First blue water. First really, really bad sunburn. Blisters and puss all over.

She bought me lord of the rings for my flight back to mom and our ****hole slum in minnesota. Ice, snow, and trouble.

Braniff - stewardesses in short bright orange and pink skirts, so nice to me. Pilot gave me wings in the cockpit.

I loved reading. Tried to get my minnesota friends (i was in an almost all african american elementary school in a very poor area) to read it too. They never would. 'Books are for white folk'. No matter how hard i tried. I was sad about that even at that age.

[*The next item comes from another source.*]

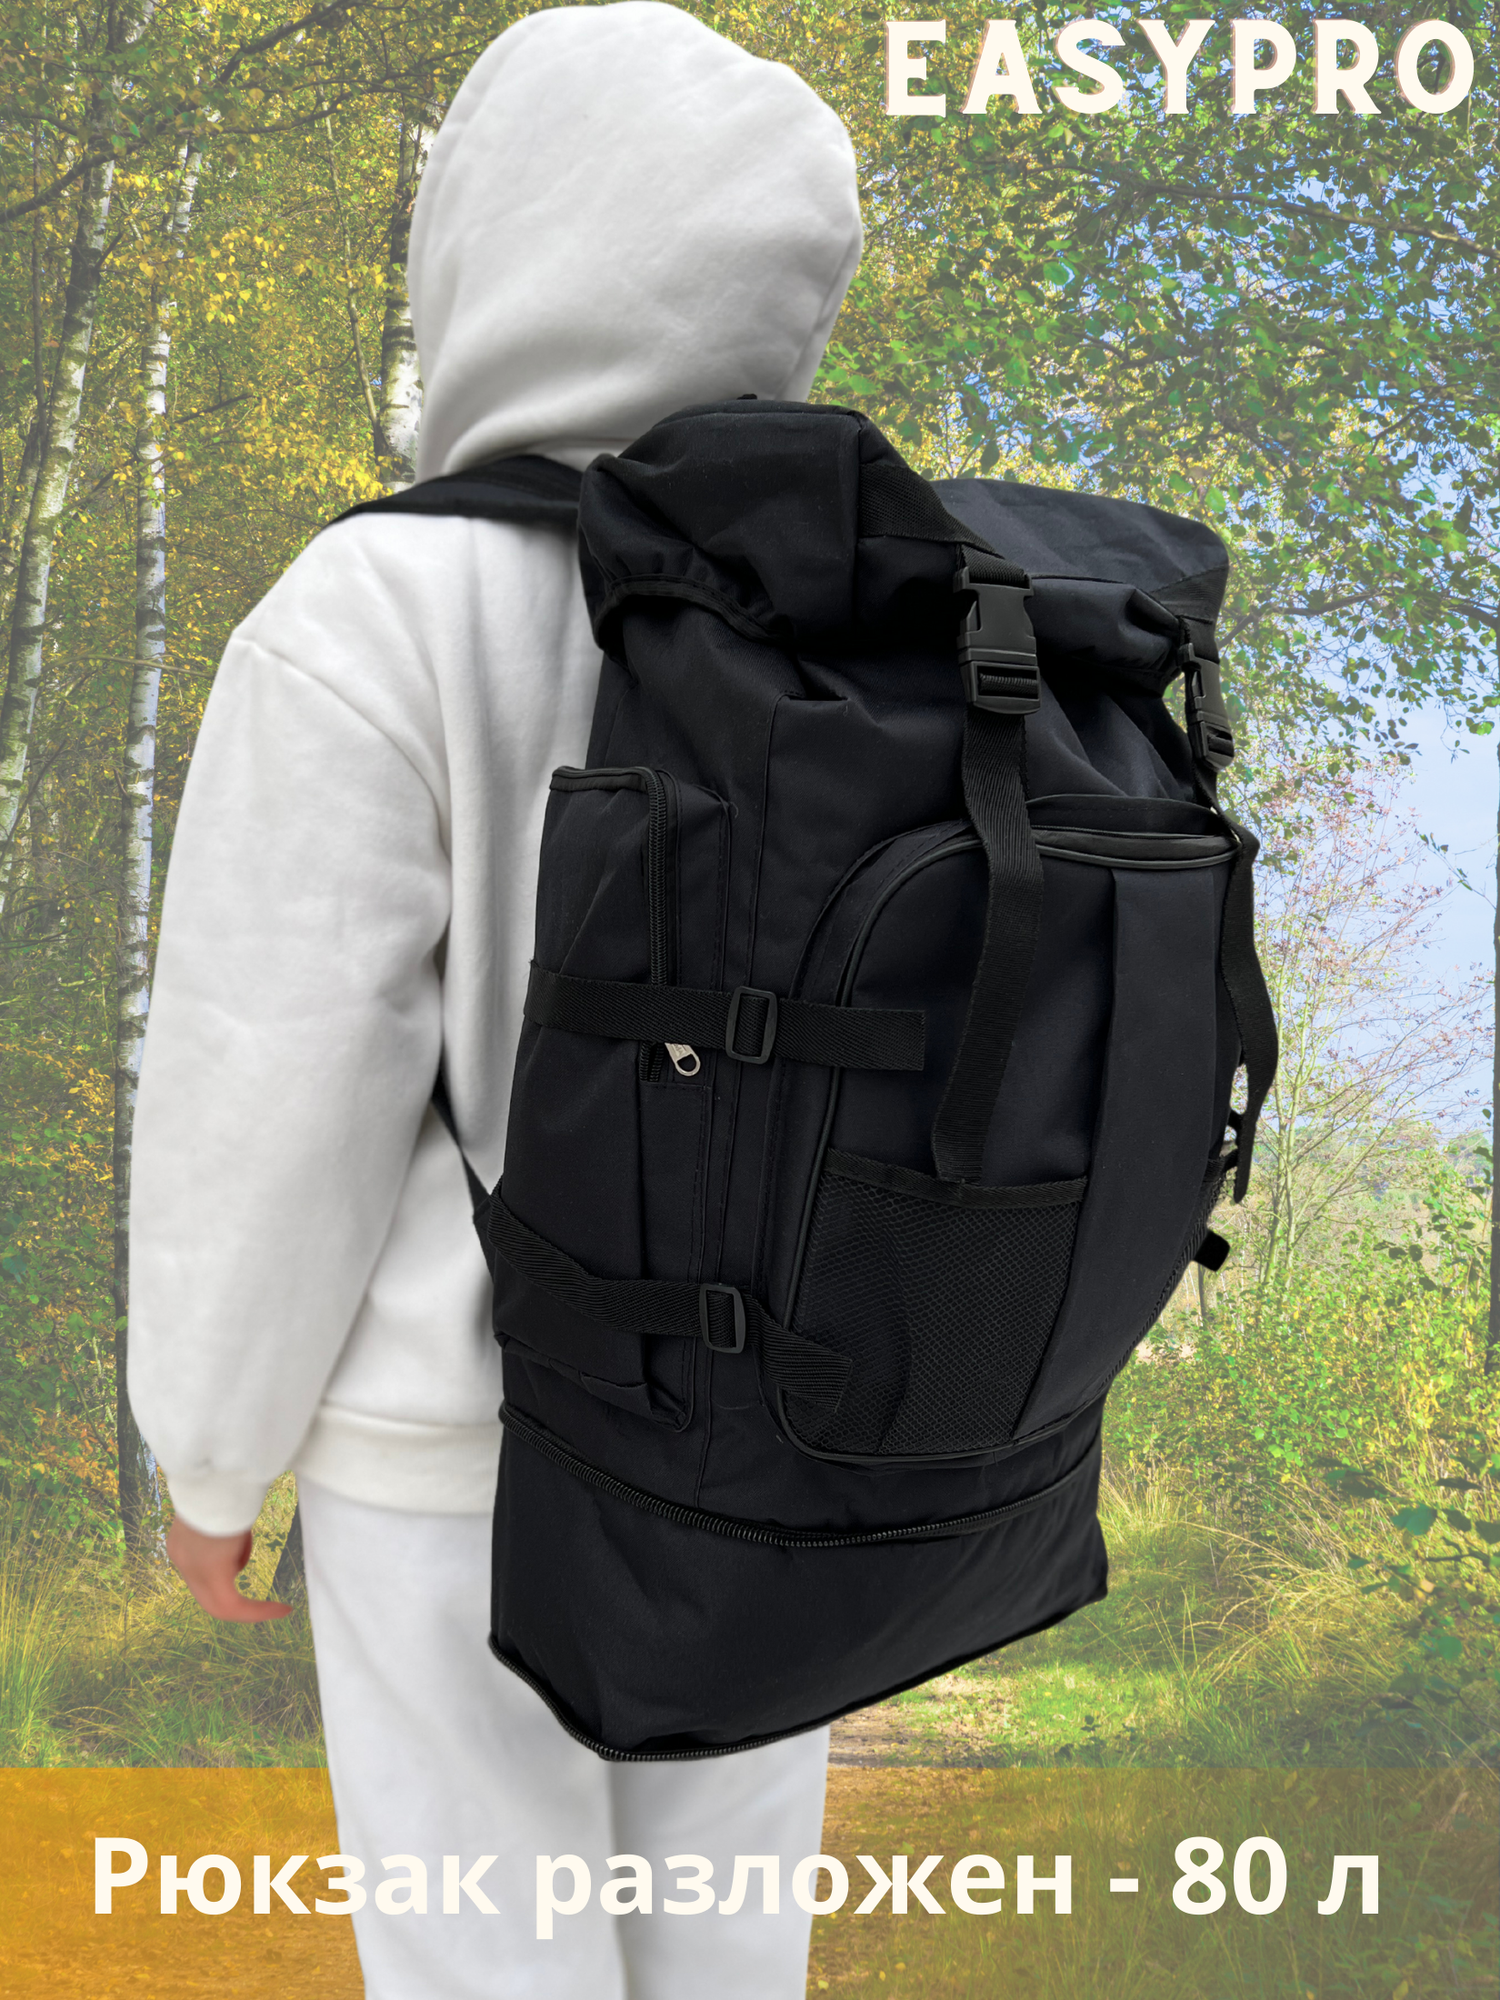 Рюкзак туристический 80 л, черный, рюкзак мужской женский Походный, спортивный, баул, для охоты, рыбалки, туризма

Had a bit of a domestic issue, mom bought me some scifi- ben bova and heinlein. Starship troopers was the most memorable one, and forever war. Read them in a womens shelter and then into south africa with our missionary neighbors. 747 microphones had 3 channels - mozart, news, and abba. Abba. For like 22 hours.

Saw my first murdered people there my first day. Lived in basically a commune apple orchard. The most amazing bright yellow sweet apples. Missionaries wore suits and women in blue polyester dresses, white hose, all day every day, in the fields or shop or whatever. Taught me a lot of woodworking.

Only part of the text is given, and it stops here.